A message from SAFN President Janet Chrzan:
I hope you are all getting very excited about the upcoming meeting in New Orleans… I know I am. We’ve had a few messages go out about the SAFN events and sessions, and invite everyone to come to the 2010 Distinguished Speaker talk and SAFN business meeting, which will occur on Friday evening November 19 from 6 pm until 7:30 pm, to be followed immediately by a joint reception with Culture and Agriculture and Anthropology and the Environment.
We are delighted to announce that our Distinguished Speaker for 2010 will be Carole Counihan, Professor of Anthropology at Millersville University in Pennsylvania. This award is long overdue since Dr.

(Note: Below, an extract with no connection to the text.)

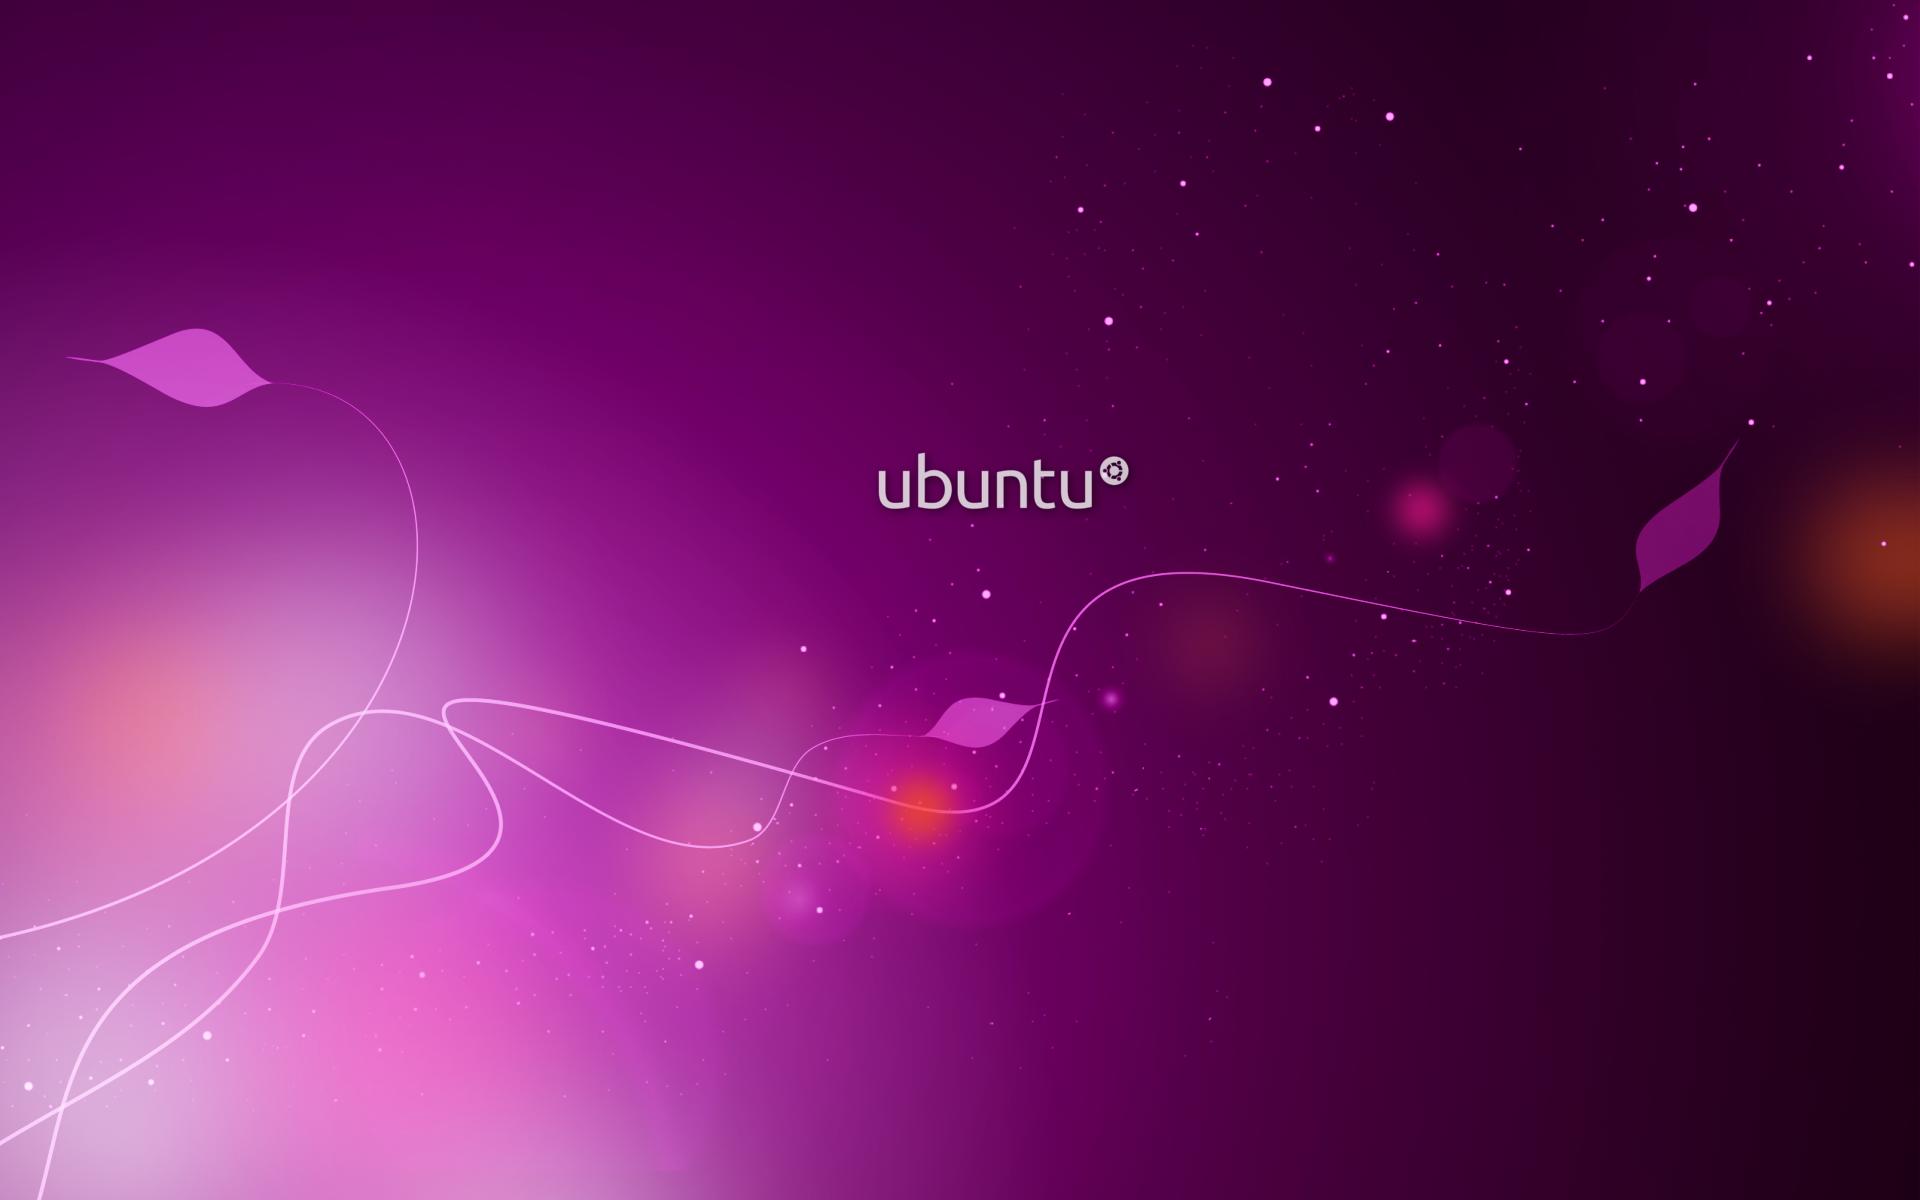 Ubuntu HD Wallpaper. fbpapa
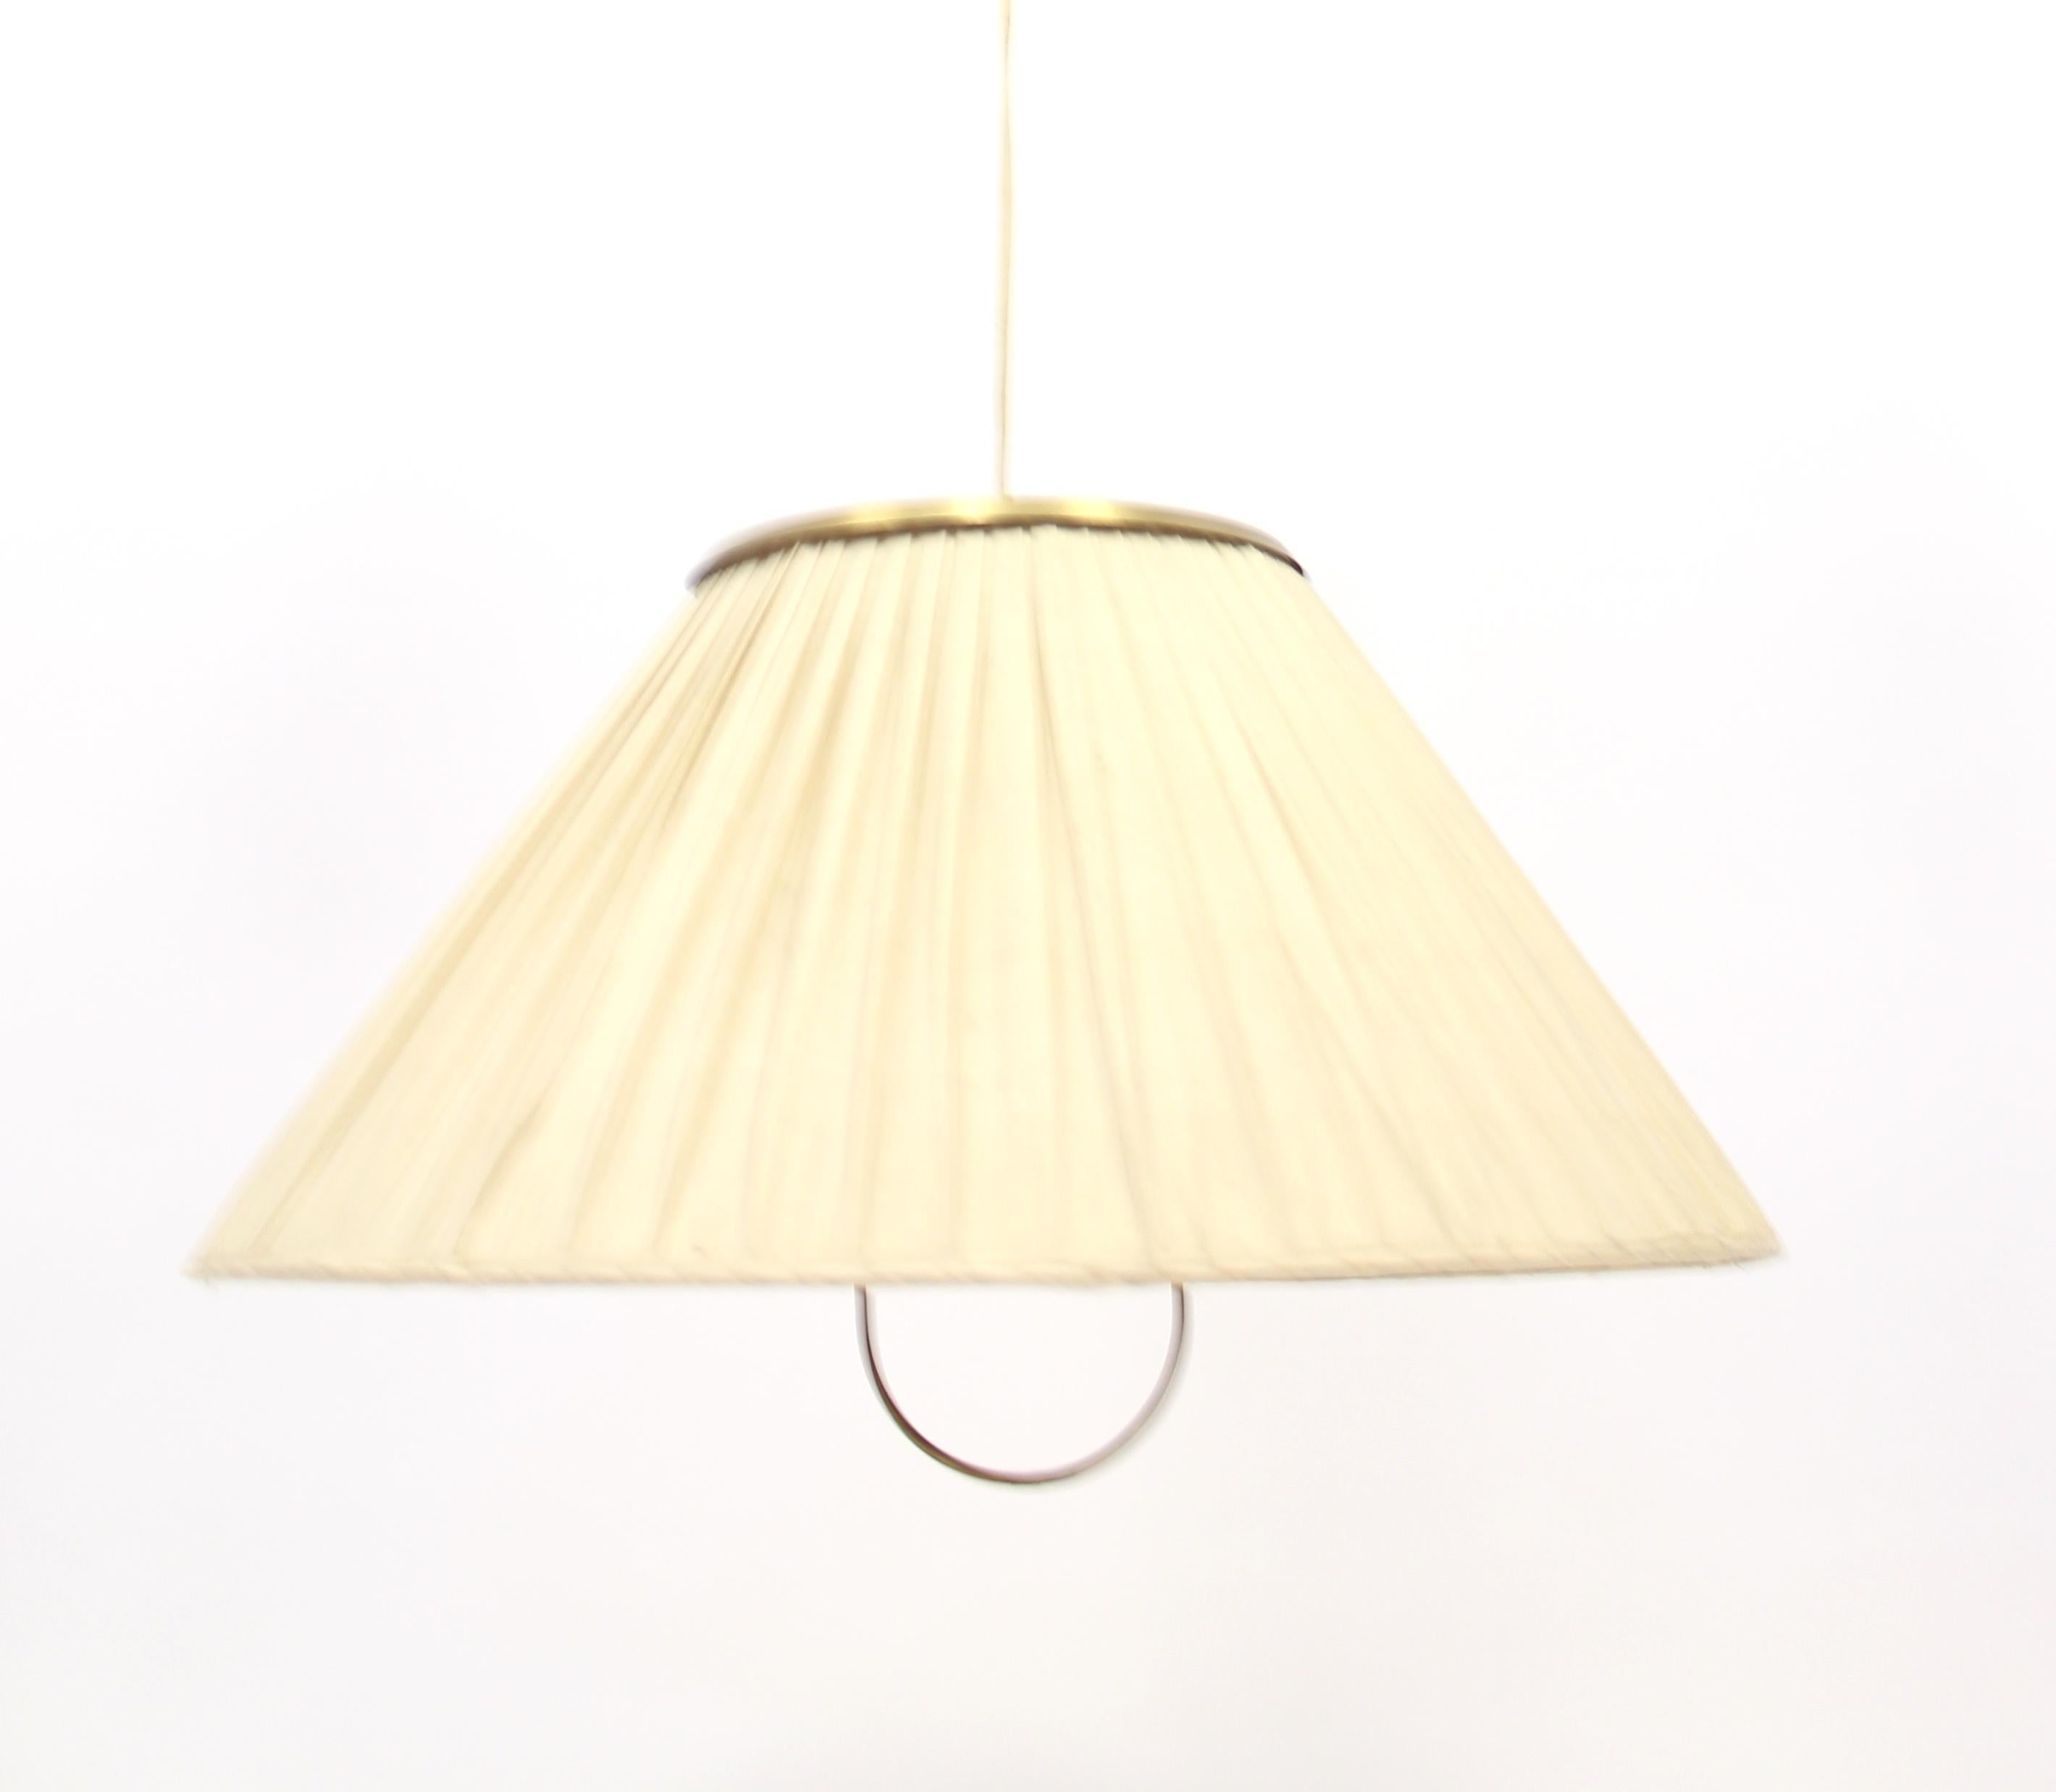 Scandinavian Modern Rare Model 1844 Ceiling Lamp by Josef Frank for Svenskt Tenn, 1950s

Counihan has been a pioneer in the Anthropology of Food and the rise of Food Studies. For over two decades, Dr. Counihan has been active in anthropology, gender, and food studies and has conducted ethnographic research in Sardinia and Florence, as well as in the United States. She is author of Around the Tuscan Table: Food, Family and Gender in Twentieth Century Florence (2004) and The Anthropology of Food and Body: Gender, Meaning and Power (1999). She is editor of Food in the USA: A Reader (2002) and co-editor (with Penny Van Esterik) of the second edition of Food and Culture: A Reader (2007).
At our Business Meeting in New Orleans, Dr. Counihan will deliver a talk entitled Inside/Outside: Food in Anthropology. She has provided this tantalizing abstract:
“This presentation explores diverse issues in food anthropology by playing with the concepts of inside and outside and the moving and melding between them. Food passes in and out of the body; it crosses from private to public and vice versa; it involves ideas inside the head and behaviors out in the world; its practice ranges from contemplation in the office to activism in the streets. Drawing from past ethnographic research on women’s food-centered life histories in Tuscany and Colorado and current research on food activism in Italy, I will suggest some ways the concepts of inside and outside might generate ideas about food, gender, power, and culture.”